Both men recognized that, as the Torah teaches, “fear of God is the beginning of Wisdom,” a sentiment not found in the Intermarriage Handbook. Yet Maritain would have surely agreed with Buber’s reflection that Isaiah and Jesus demand not just a faith in God, which was implied and understood, but “its realization in the totality of life.”
I suggest that these are two teachers for us all.
Rather than diluting or omitting articles of faith for our personal convenience, even for the sake of interfaith harmony, the paths of Buber and Maritain suggest that we accept our differences as calling for deeper understanding and for humility. Not that we don’t share a great deal in faith and ethics. Doesn’t the common ground, for instance, suggest a required opposition to the contemporary idolatries of power and wealth, and of materialist consumerism? But there remain crucial differences, including some seeming gulfs. If, however, we must challenge each other, shouldn’t it be not so much as to amend and bend as to deepen our faith, forcing us to reach beyond the comfortable and familiar to that convergence Christians find in Grace and Mystery and which Buber called “Thou”?

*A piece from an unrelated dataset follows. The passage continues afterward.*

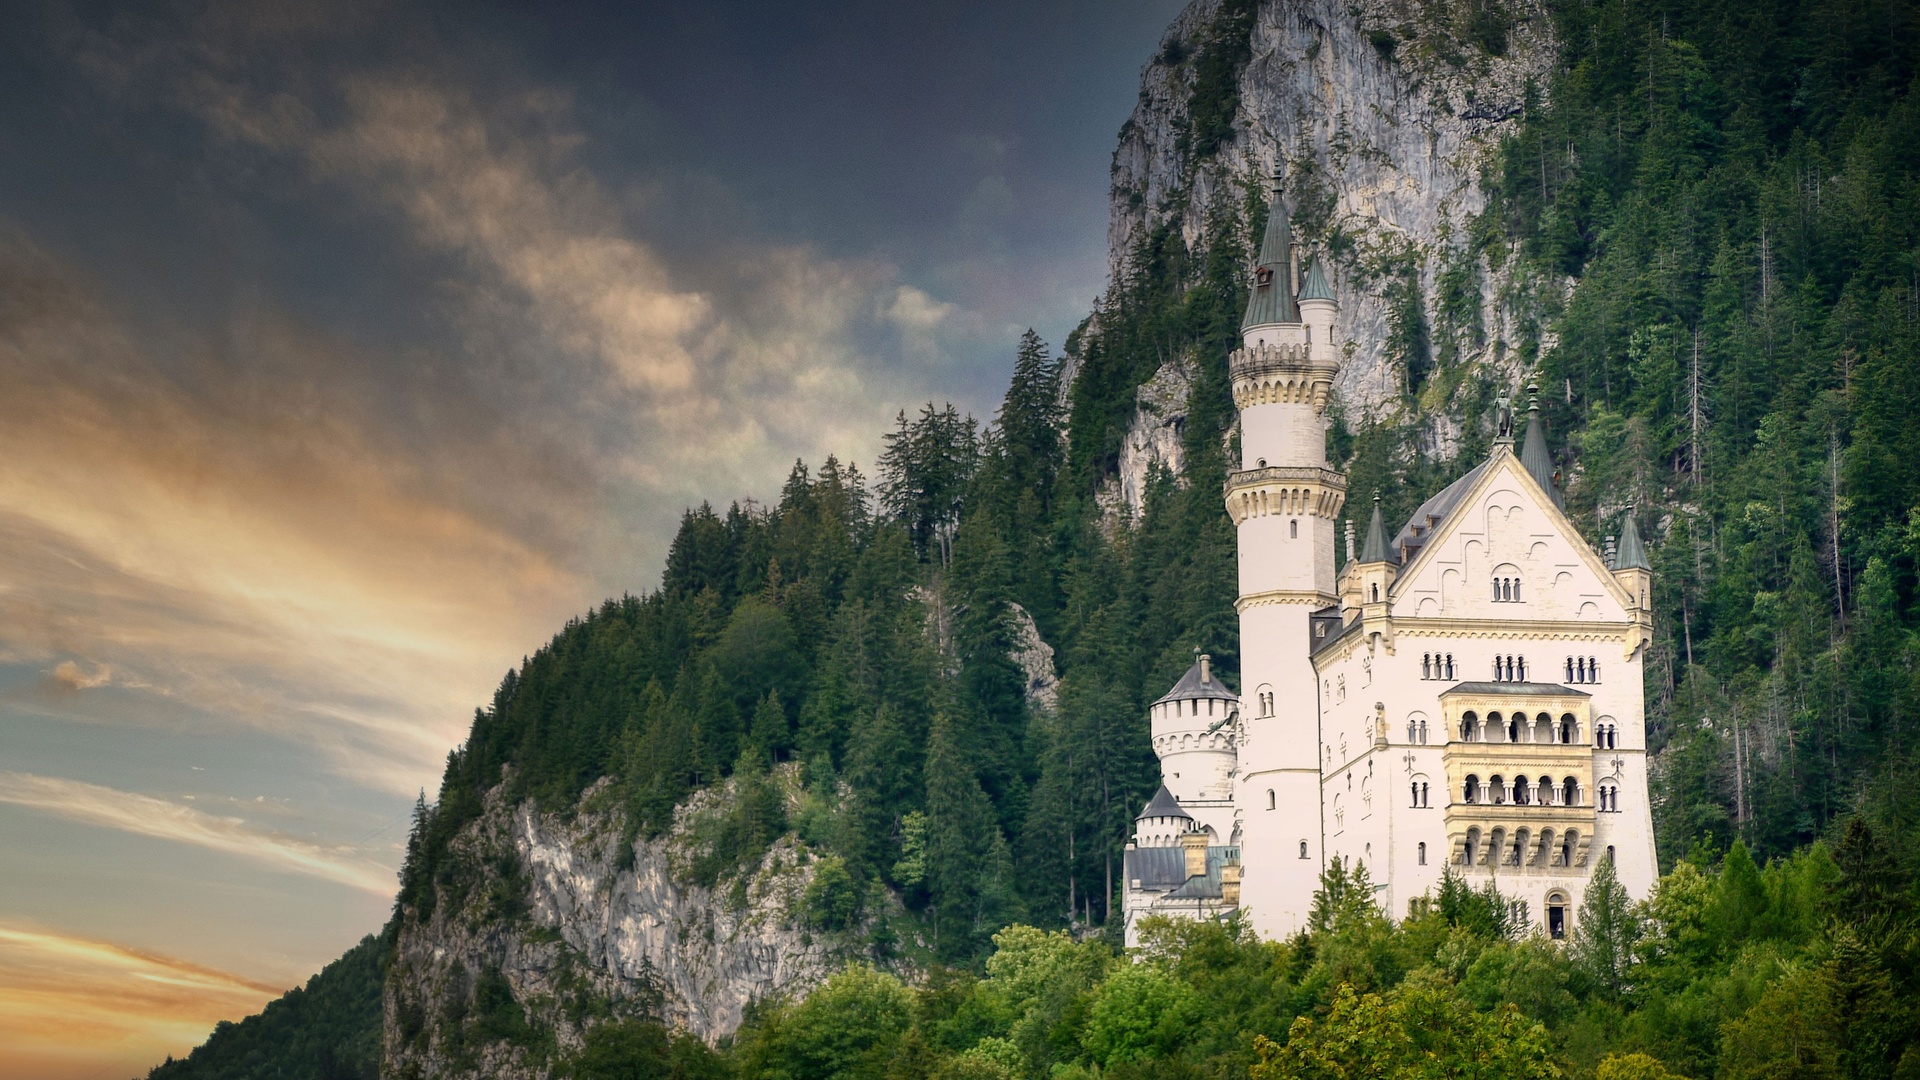 Architecture Castle Neuschwanstein Castle Germany Tower Trees Forest Rock Clouds Ancient 1920x1080

The greatest Jewish artist of modern times, Marc Chagall, was a friend of Jacques Maritain. In fact, Raissa Maritain wrote a long study of Chagall and his work. Like Buber, Chagall was drawn to Jesus and painted a number of crucifixion scenes. Chagall saw Jesus as archetypal, perhaps holy but not divine, not as the Christian savior but as Jewish prophet and martyr. In one of Chagall’s masterpieces, the White Crucifixion, the crucified Christ is a Jew whose loins are covered by a tallith, a prayer shawl. The cross is surrounded by images of a burning synagogue, fleeing refugees, the dead and dying. It is the world of pogrom, war, and revolution, yet it is bathed in the holy light of redemption.
Chagall’s image suggests a possibility, perhaps even a miracle. Is it possible that Jesus the Jew, accepted as a living Messiah by some but only as a loving brother by others, can still be a bridge between us? Is this perhaps the ultimate “Jewish paradox”: that the symbol of rejection could yet become the means of reconciliation? It would mean that the same Jesus of history, whose worshipers persecuted his people, would bring the divided together, not in identity but in forgiveness and in love. For Jesus to be recognized by Jews as the suffering servant described in Isaiah could be nothing more or less than the revelation of a beloved brother and teacher. It is in fulfilling his faithfulness as a Jew that he is despised and misunderstood, yet brings justice and truth. And thus as a Jew, he offers his earthly life as a sacrifice to love and faith.
And for those who are his followers, who took his prophetic name, and for whom He is more than suffering servant, more than brother and teacher, a Christ-centered dialogue with Judaism would mean accepting and acknowledging this Jewish view of Jesus as profoundly different from our own and yet as another path to God.
Miracle or mitzvah, many of us in interfaith marriages would welcome such a dialogue.